Predicting from a saved model

After any training task, the fitted model is auto-saved to the project’s cache directory. task="predict" skips fitting and loads the latest saved model for each target. The cell below requires that at least one of the training cells above has executed in the same render session — any of them writes models into the shared CACHE_HOME/"entsoe-tutorial" path that predict loads from.

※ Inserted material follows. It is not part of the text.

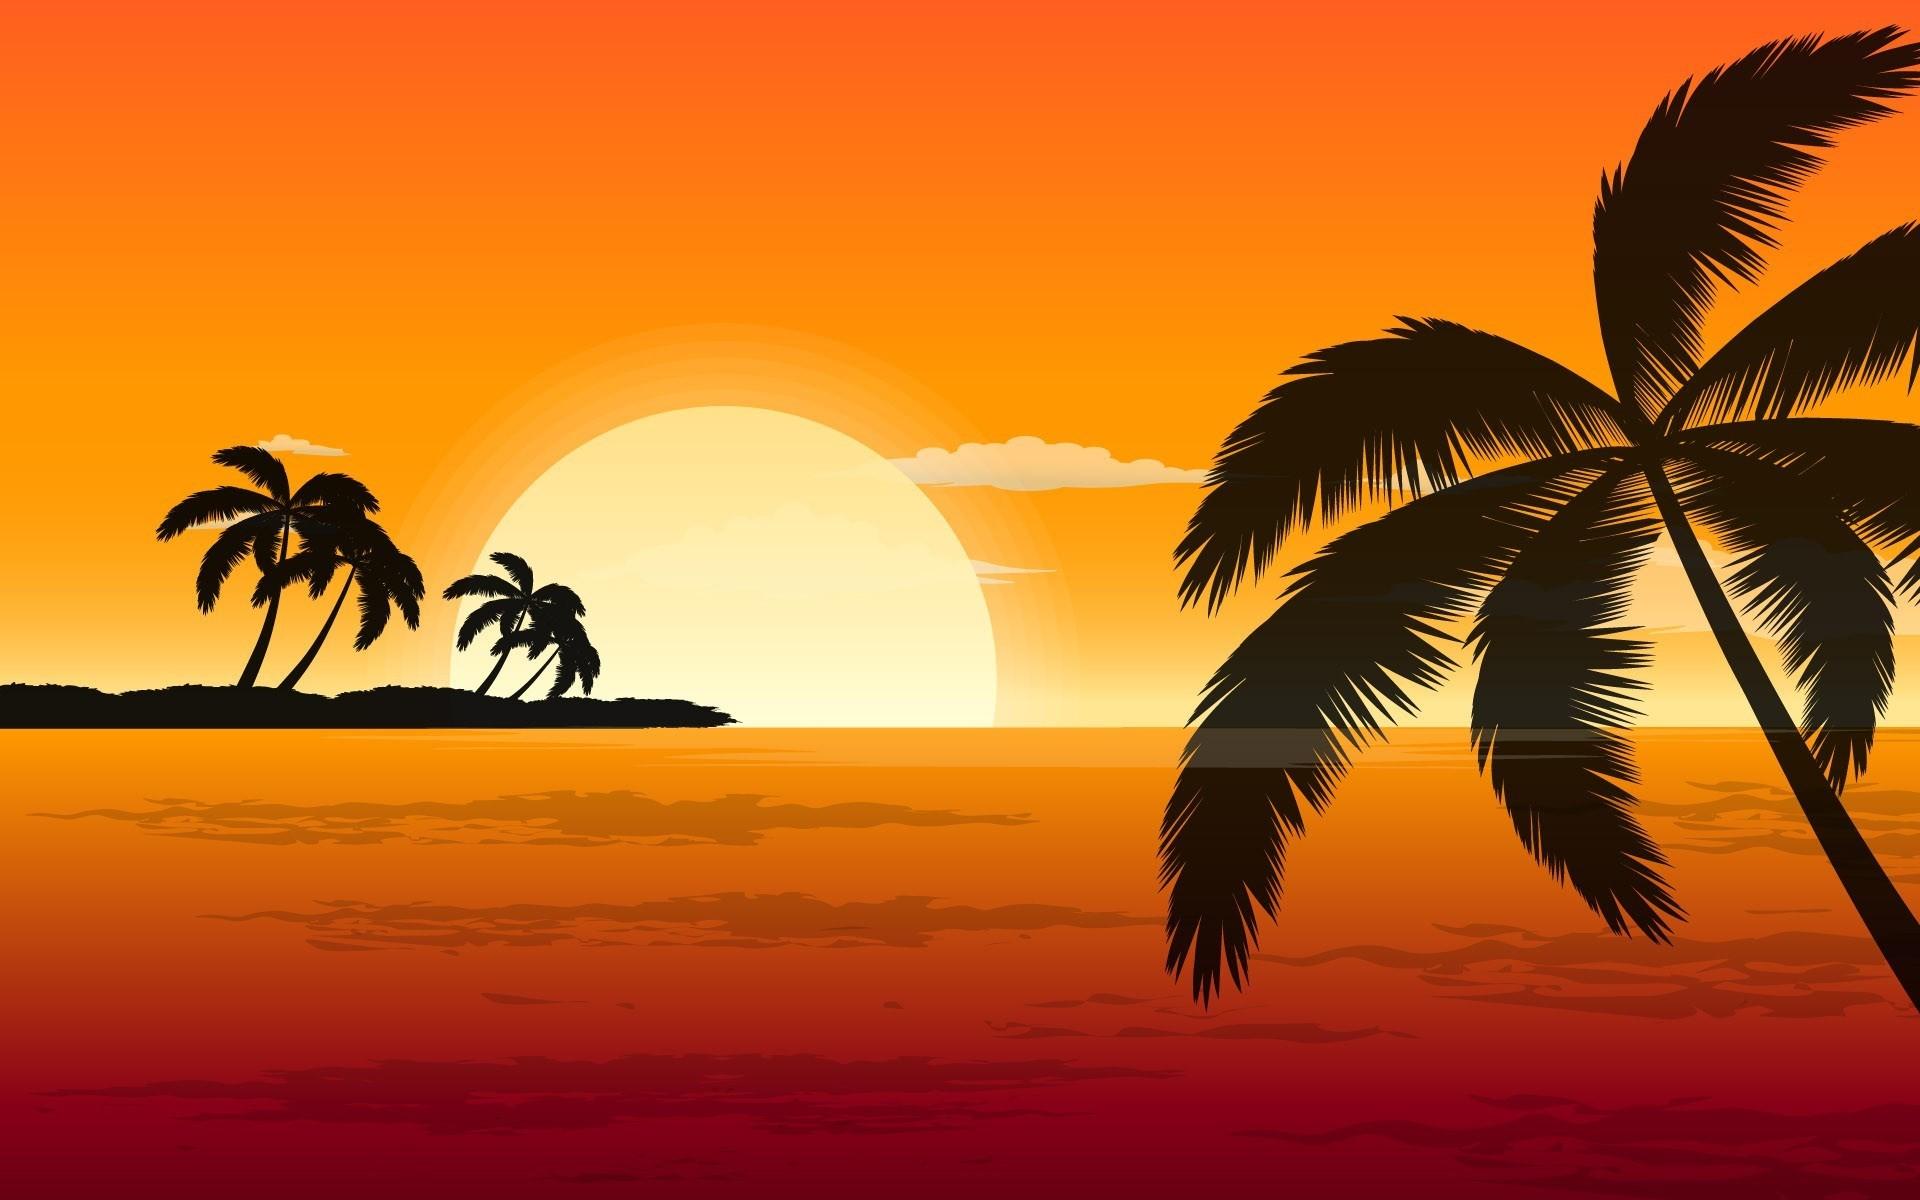 sunset orange vector shadows palm trees fresh new hd wallpaper

config_predict = ConfigEntsoe(
    targets=["Actual Load"],
    agg_weights=[1.0],
    bounds=[(-1e9, 1e9)],
    index_name="Time (UTC)",
    use_exogenous_features=False,
    use_outlier_detection=False,
    predict_size=12,
)
config_predict.data_loader = stub_loader
config_predict.forecaster_factory = entsoe_lgbm_factory
config_predict.data_frame_name = "entsoe-tutorial"

mt_predict = MultiTask(
    config_predict, task="predict", cache_home=CACHE_HOME, log_level=40
)
mt_predict.prepare_data()
mt_predict.detect_outliers()
mt_predict.impute()
mt_predict.build_exogenous_features()
result_predict = mt_predict.run(show=False)

forecast_predict = result_predict["future_pred"].to_frame("forecast")
forecast_predict.head()
forecast
2024-01-31 00:00:00+00:00 54867.033573
2024-01-31 01:00:00+00:00 57176.592882
2024-01-31 02:00:00+00:00 59068.230580
2024-01-31 03:00:00+00:00 61610.352471
2024-01-31 04:00:00+00:00 63364.196157

Putting it together

The spotforecast2-entsoe CLI drives MultiTask directly:

  1. Downloads the latest ENTSO-E data (spotforecast2_safe.downloader.entsoe.download_new_data).
  2. Merges the raw CSVs into the interim file (merge_build_manual).
  3. Constructs a MultiTask(config, task="defaults", ...), runs all five pipeline steps, and saves the fitted model automatically.
  4. On a schedule, constructs a MultiTask(config, task="predict", ...), runs the five steps, and reads the saved model to produce the next forecast.

The same four task values are available to notebook callers — pick the one that matches the level of tuning the operational policy allows.